There is no better vehicle for advancing mutual self-interest than multilateral trade relationships

Many policymakers, business leaders, and ordinary citizens in developing countries are well aware of the need to engage wholeheartedly in globalization. They recognize that openness is vital to raising living standards and offers greater choices and more freedom. Indeed, freer trade offers unprecedented scope to exploit comparative advantage, not only in finished goods but also all along the production chain. Moreover, in addition to bringing economic gains to countries that engage in it, trade is also a channel for importing good policies because it undermines inefficient and corrupt practices, thereby improving the business environment.

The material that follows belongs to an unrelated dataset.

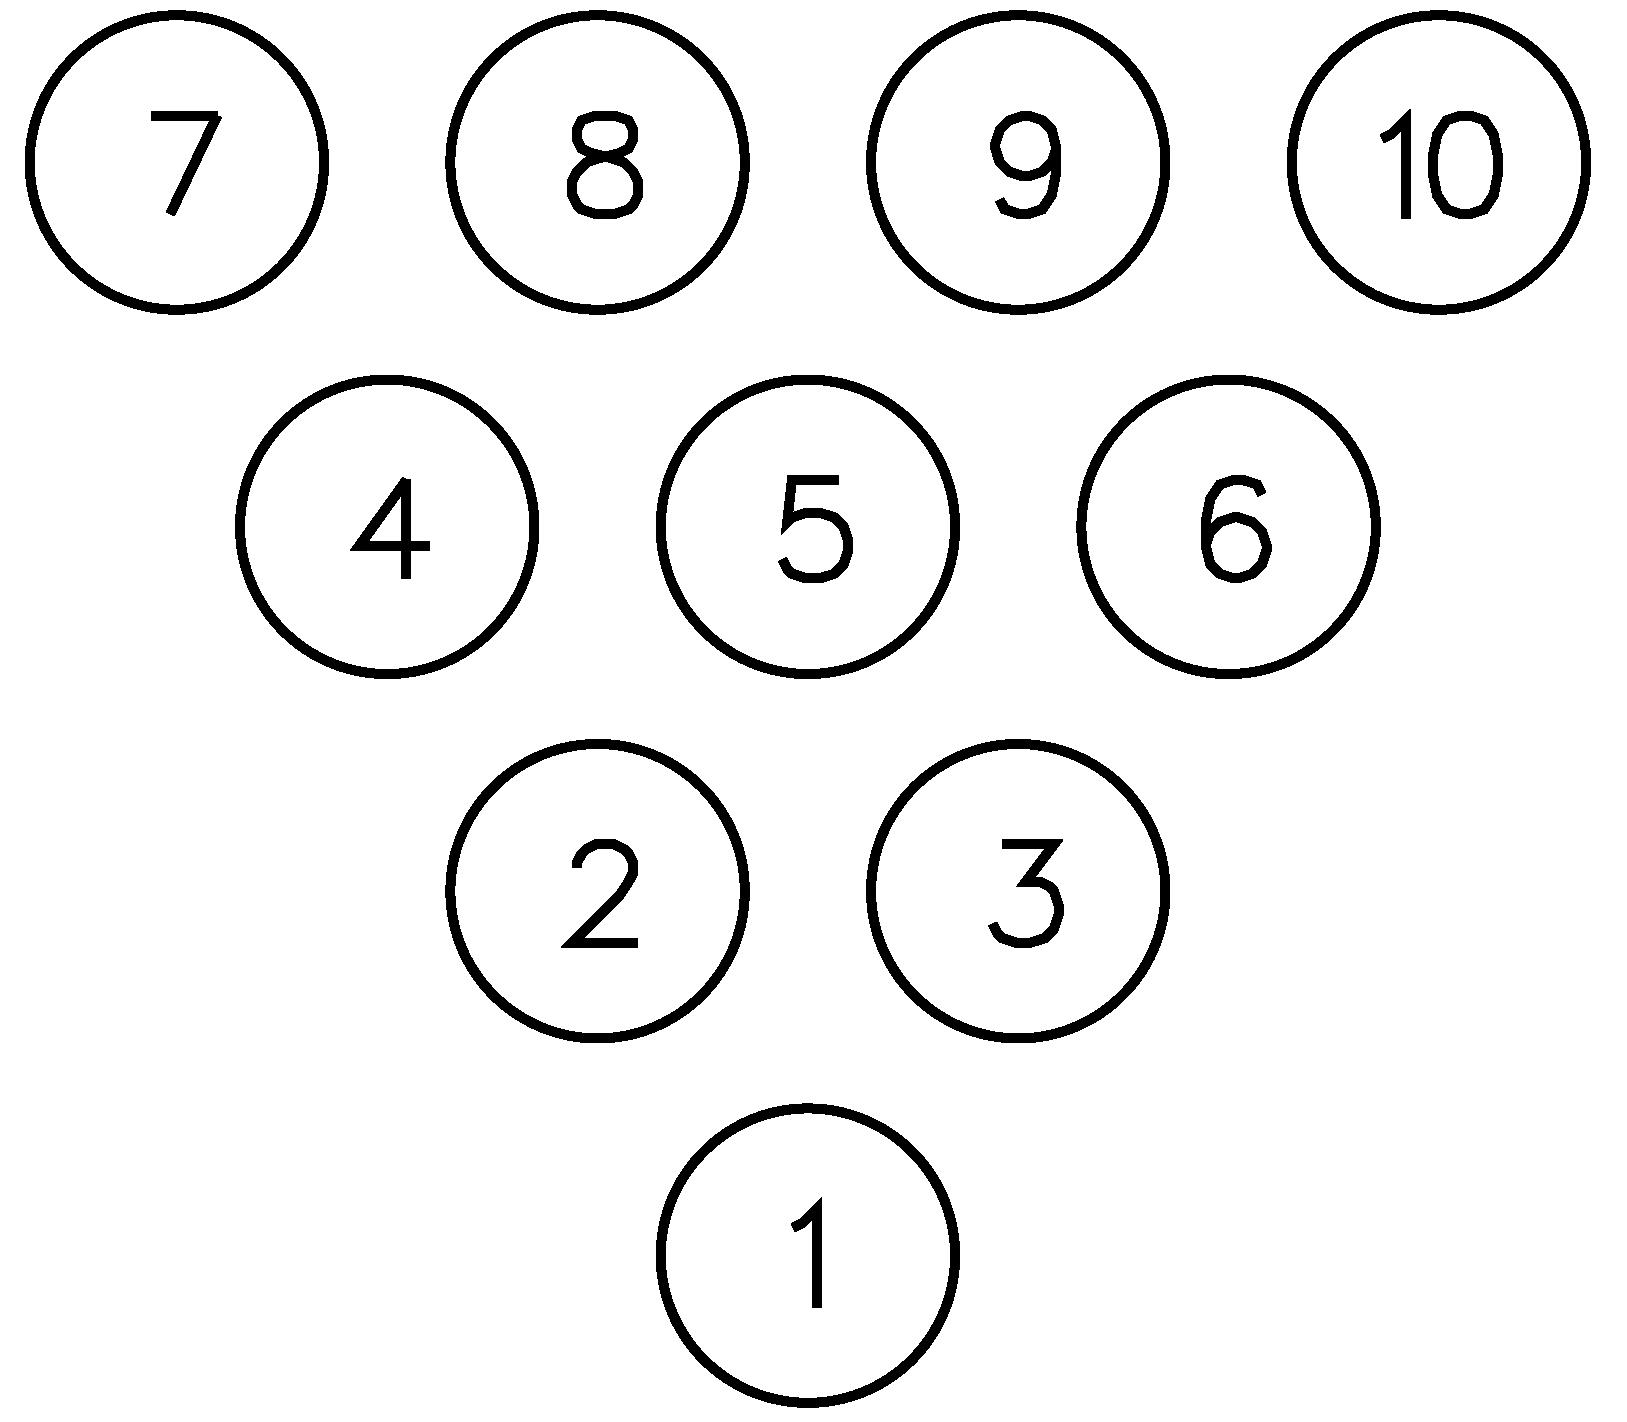 Bowling Pin Setup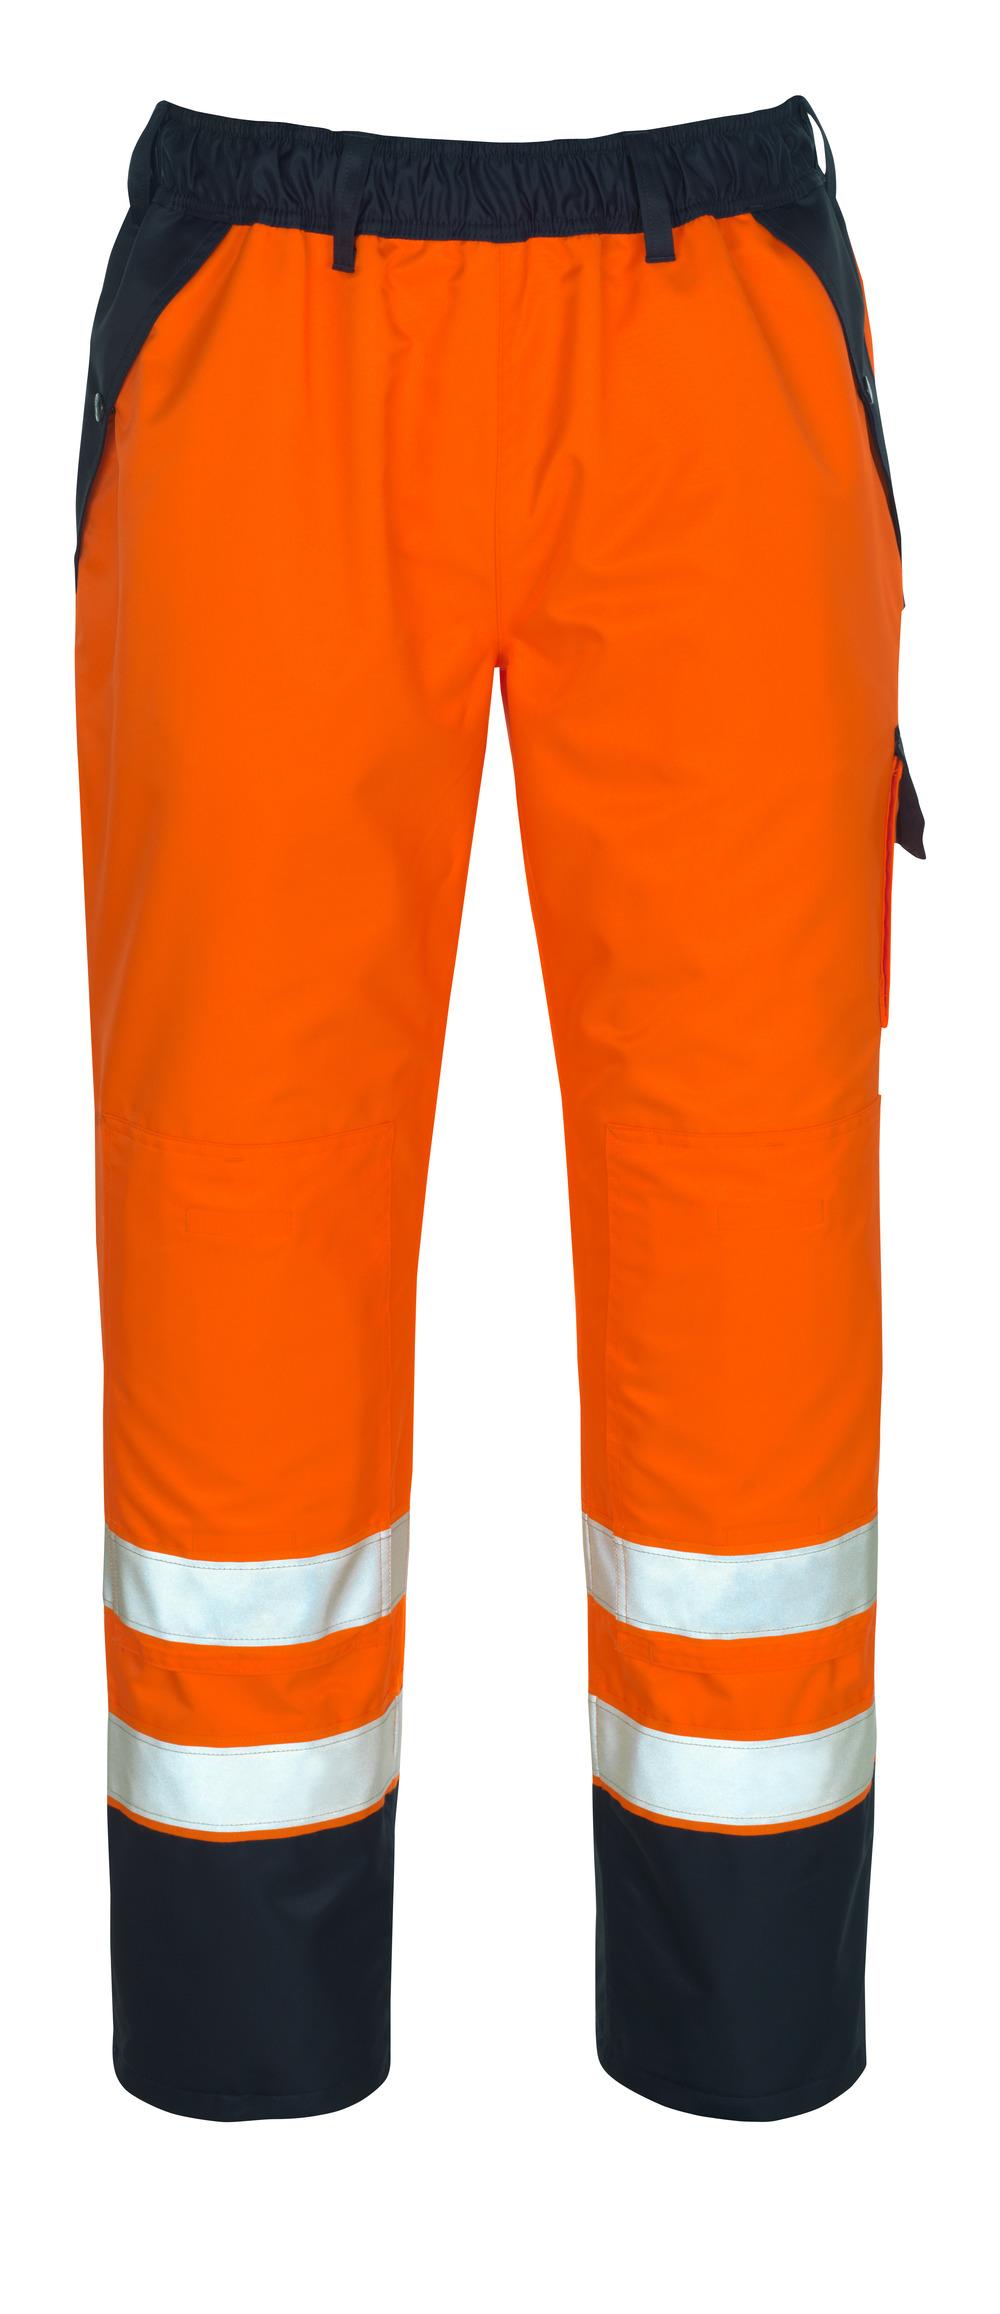 07090-880-141 Cubre pantalón con bolsillos para rodilleras - naranja de alta vis./azul marino

Trade Barriers: It is not surprising that developing countries keen to expand their export and investment links are determined to achieve a more level playing field in world trade. These countries played an important role in the World Trade Organization (WTO) talks in Doha, in November 2001, rightly demanding that the powerful trading blocs live up to their own free-trade rhetoric in terms of granting them market access in protected sectors.

One of the most important responsibilities now facing Western trade negotiators and politicians is freeing up trade in key sectors in ways that will benefit developing countries, but the will to do so is less in evidence today than it was in Doha. U.S. President George W. Bush’s decision to protect inefficient U.S. steelmakers and substantially increase farm subsidies is not encouraging. The European Union’s continuing reluctance to reform its Common Agriculture Policy, which effectively keeps farm products from poor countries out of European markets, is equally troubling.

However, a crucial point has often been overlooked – that is, trade barriers are as harmful to the countries that impose them as to the countries whose imports they block. For example, the U.S.’ new protectionist stance on steel and agriculture will hit American consumers of automobiles and farm products – who far outnumber steel and agricultural workers – with higher prices. The real trade wars take place within countries, between consumers and special interest groups. Trade between countries brings mutual benefits. Those who genuinely wish to reduce barriers between rich and poor should strongly espouse free-trade policies, and expose those special interests that urge ultimately self-defeating protectionist measures.

Actions for Poor Countries: But even if rich countries reduce their trade barriers, poor countries will not benefit unless they stop protecting and over regulating their own markets. High tariffs make imported goods much dearer and, in many cases, have cosseted domestic industries to such an extent that few of them could compete effectively in the world market even if all tariffs were abolished overnight.

One of the important aspects of trade liberalization is that it increases competition, the lifeblood of a successful market economy. Another is that it combats the corruption that flourishes wherever there is too much red tape and protectionism. In the end, individual nations bear most of the responsibility for their own success or failure. Where good government does not guarantee economic success, bad government does assure failure.

Trade Talks: Developing countries thus face enormous challenges. But if globalization has magnified the penalties for failure, it has also increased the rewards for success. The opportunities for gains from freer trade and increased investment are greater than ever. It has therefore never been more important for nations to recognize their interdependence. And there is no better vehicle for advancing mutual self-interest than multilateral trade relationships.

The European Union’s "everything but arms" initiative is a step in the right direction. The Doha development agenda itself will go a long way toward redressing the global imbalance. The WTO has made great capacity-building efforts to ensure that developing countries can overcome their technical weakness in the course of the negotiations. Trade and investment are the keys to development and we should therefore embrace, not oppose, globalization.